Knowing what I know now, what advice would I have given myself ten years ago?
It's an interesting question to answer for my birthday.
Aside from realizing that I'm getting older and there's nothing I can do about it, I thought it was interesting to think about since my life was so different ten years ago. I stopped to think about where I was and what I was doing. It was a turning point in my life.
|Posing with family members about 10 years ago|
Where was I ten years ago?
Let me see. I was just starting out my senior year in high school. I went to a medium-sized public school in the home state, where I spent my time with a close-knit group of friends and otherwise kept to myself in most aspects. At the same time, I was gaining a new confidence in myself I hadn't had before. I tried my best to stay away from the drama in my high school and was more focused on my future.
I was spending a lot of time preparing for the whole college thing. I had done a ton a research by that point and it was time for me to start applying for schools. I visited a few schools with my mom and decided to apply to American University for early decision. I got in.
|Me 10 years ago with a cousin|
Being the angsty teenager that I was, I clashed with my parents often. At home, I also kept to myself. It was a time where I went home, locked myself in my room and didn't come out unless I had to. Needless to say, I looked forward to life away and on my own.
I wasn't sure what I was going to be when I "grew up," but if anyone asked me if I would consider becoming a teacher, I certainly would have said no! I just vaguely saw myself ending up as some corporate drone somewhere.
I had never traveled overseas at that point, and while it would have been appealing to me, it wasn't on my radar quite yet. Working as a teacher in another country is something that would have been unreal to me.
No way would I have imagined doing what I'm doing today.
What Would the Advice Be?
There has been a mixture of both triumphs and defeats, but I recognize that it was the decisions I made in conjunction with one another that led me to where I am today.
In other words, if I could speak to my younger self, I will tell myself to just keep doing what I'm doing.
|With my step-brother, after starting uni|
I began to enjoy my job and the concept of working abroad. I liked the challenge of learning new languages. I liked the adventure that comes with traveling. I like the kind of people I meet on the road. The truth is that all of that probably wouldn't have happened if I hadn't made a couple of bad decisions.
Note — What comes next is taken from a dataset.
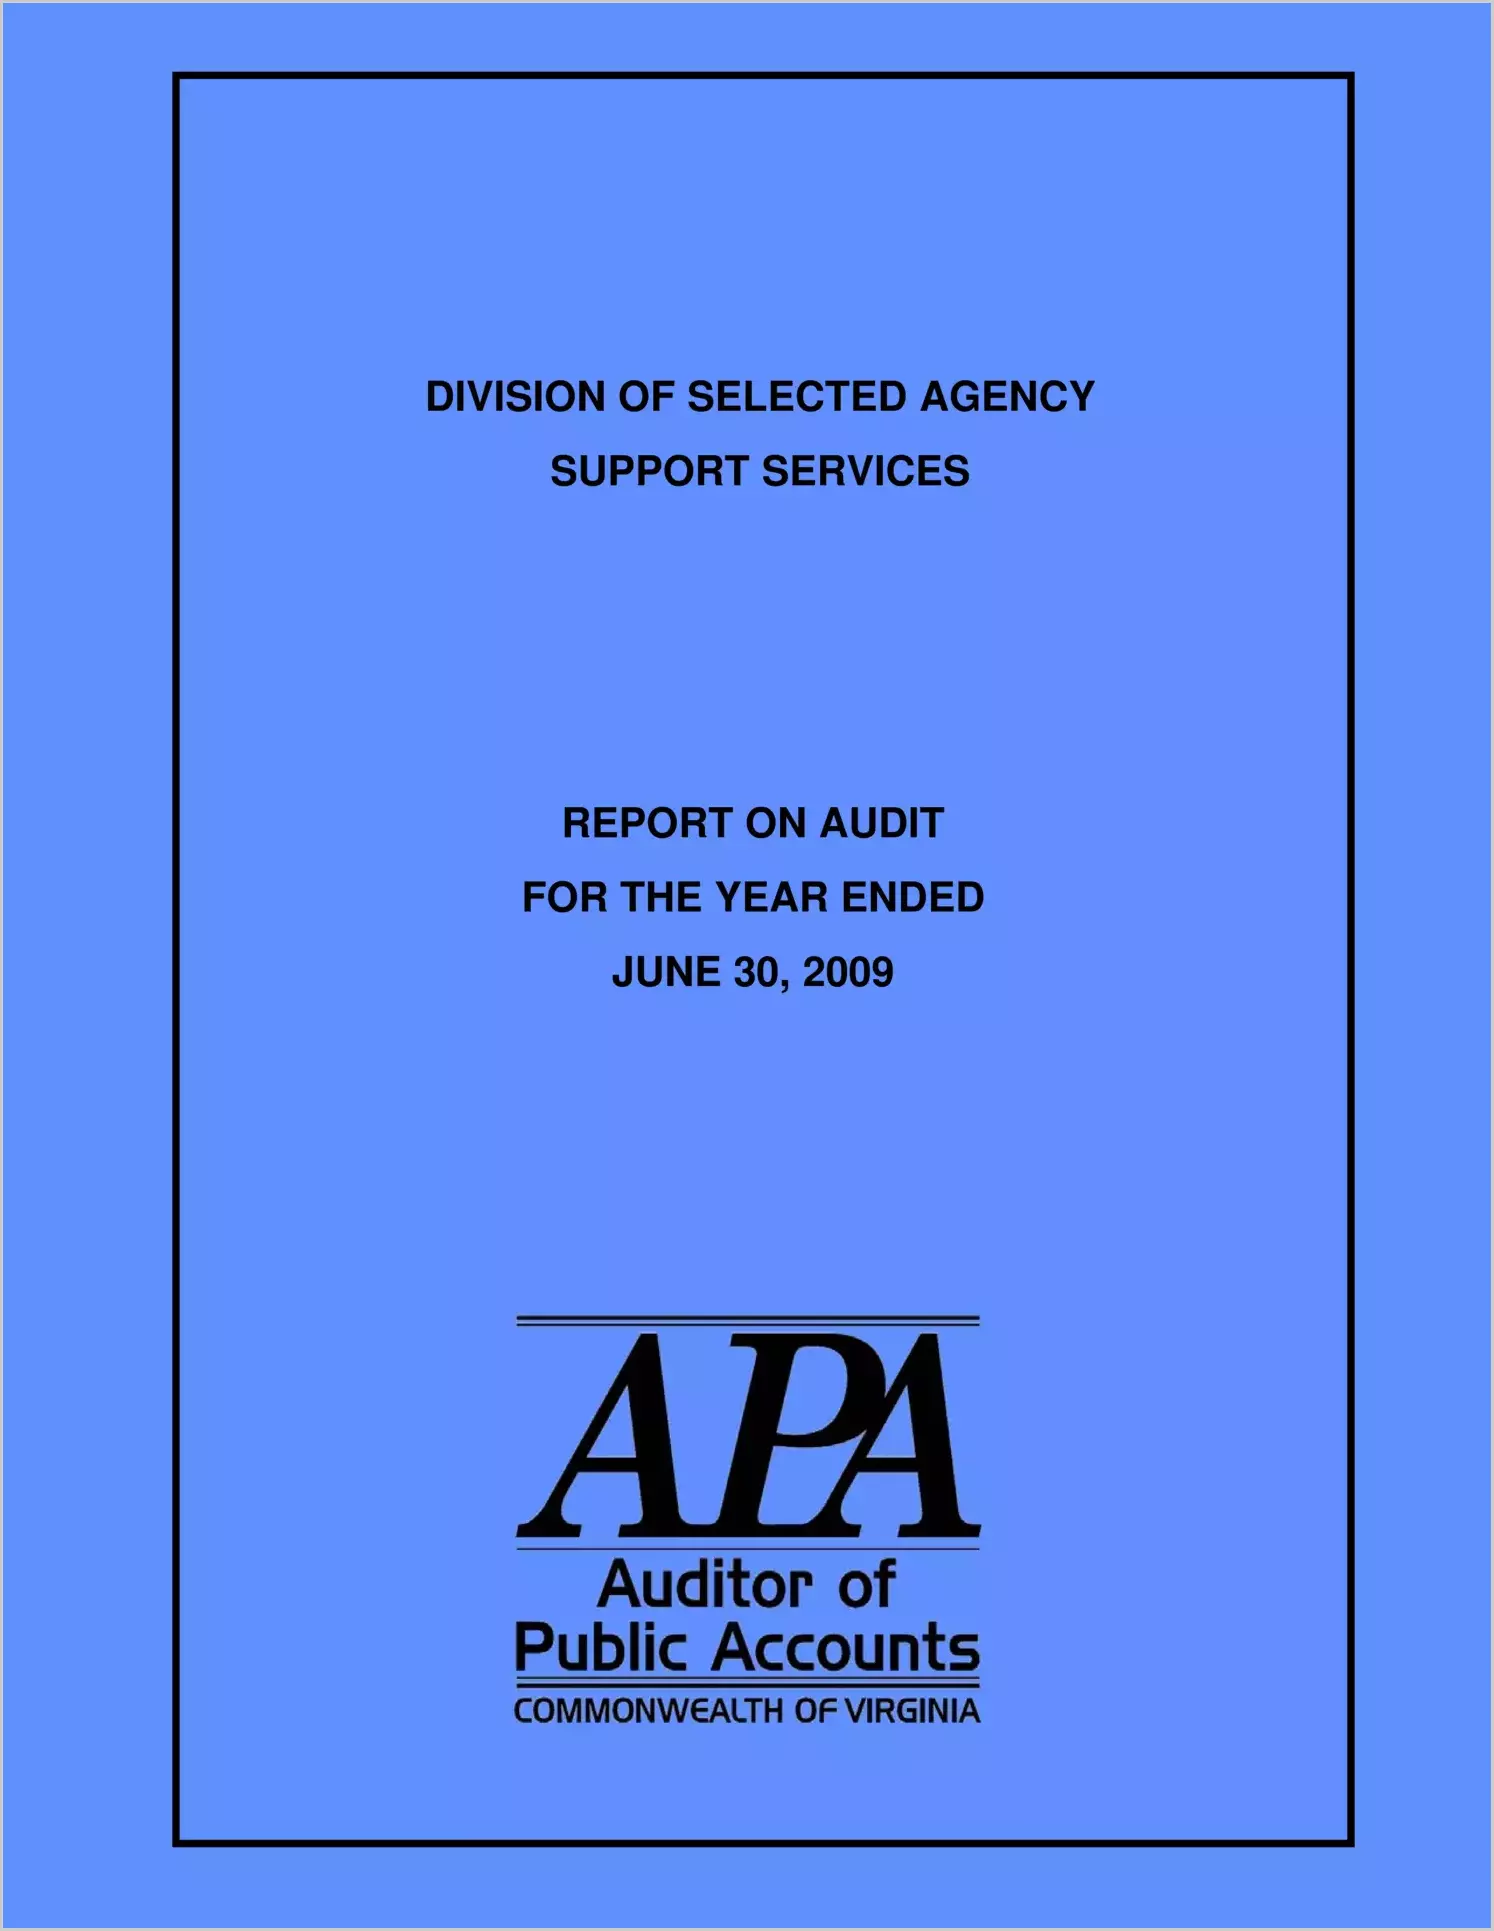 Division of Selected Agency Support Services for the year ended June 30, 2009

I'm currently satisfied with life, and I'm happy and thankful that I can say that.
There are a couple of things that could have happened. For example, if I had become more concerned with being popular in high school, I almost certainly would have ended up as a teenage mother, like a large amount of other girls my age. That was a normal predicament at my high school.
Or, if I had kept that retail management job, I probably would have a lot more money, but I would have been stressed out and miserable. Days would have likely blended together and I would have had little vacation time. I would have been hanging around the same type of people, not learning anything new. I shudder thinking about it.
The fact of the matter is that I got here by chance, and I wouldn't have it any other way.